## Data provided

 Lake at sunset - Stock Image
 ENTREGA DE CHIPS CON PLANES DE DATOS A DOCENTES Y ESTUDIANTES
--
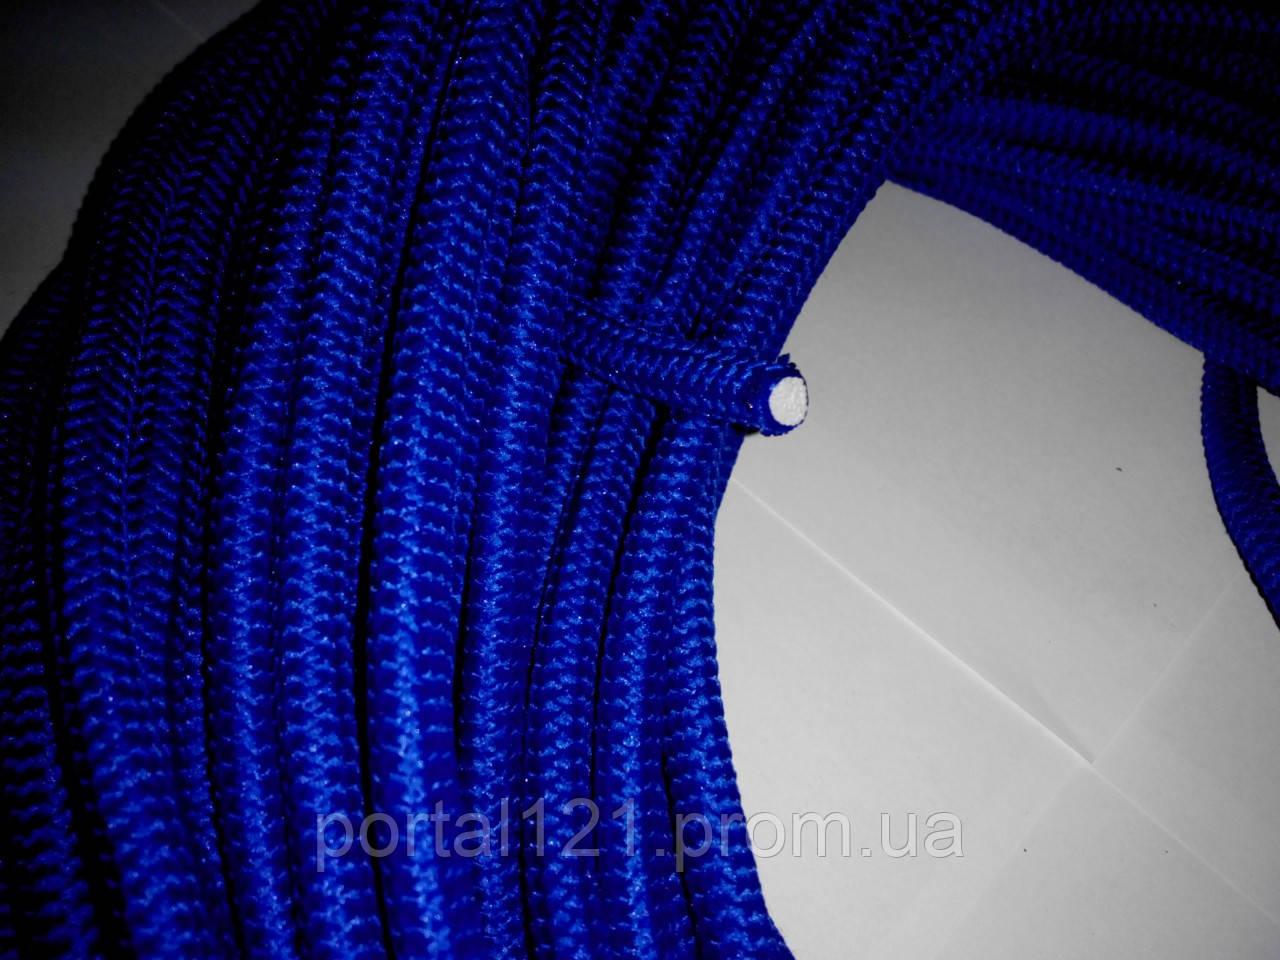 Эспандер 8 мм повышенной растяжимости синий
---
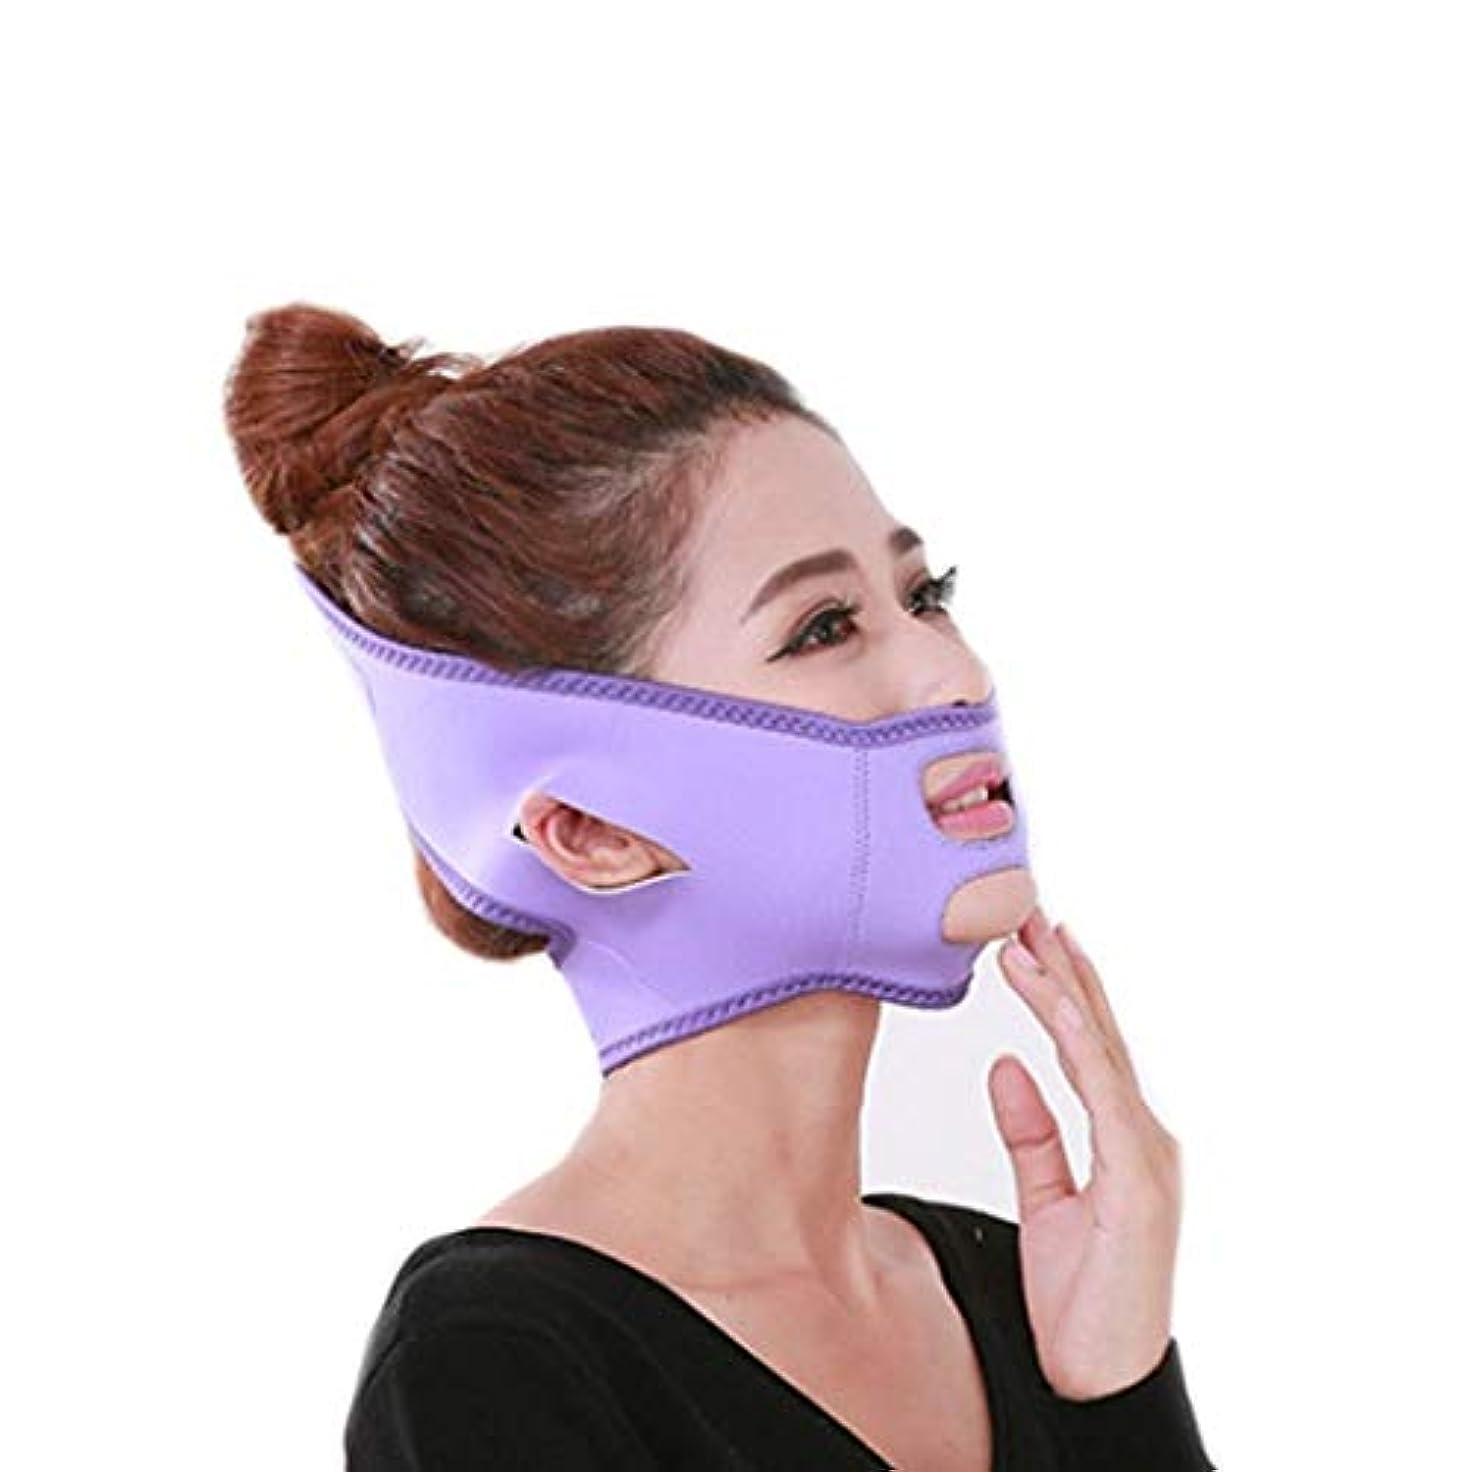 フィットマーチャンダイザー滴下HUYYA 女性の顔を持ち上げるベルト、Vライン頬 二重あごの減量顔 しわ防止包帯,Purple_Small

## What is required
In the listing above, the lines from the one containing "Lake at sunset - Stock Image" through the one containing "ENTREGA DE CHIPS" must be set down exactly, with no other lines.

## Finished task
 Lake at sunset - Stock Image
 ENTREGA DE CHIPS CON PLANES DE DATOS A DOCENTES Y ESTUDIANTES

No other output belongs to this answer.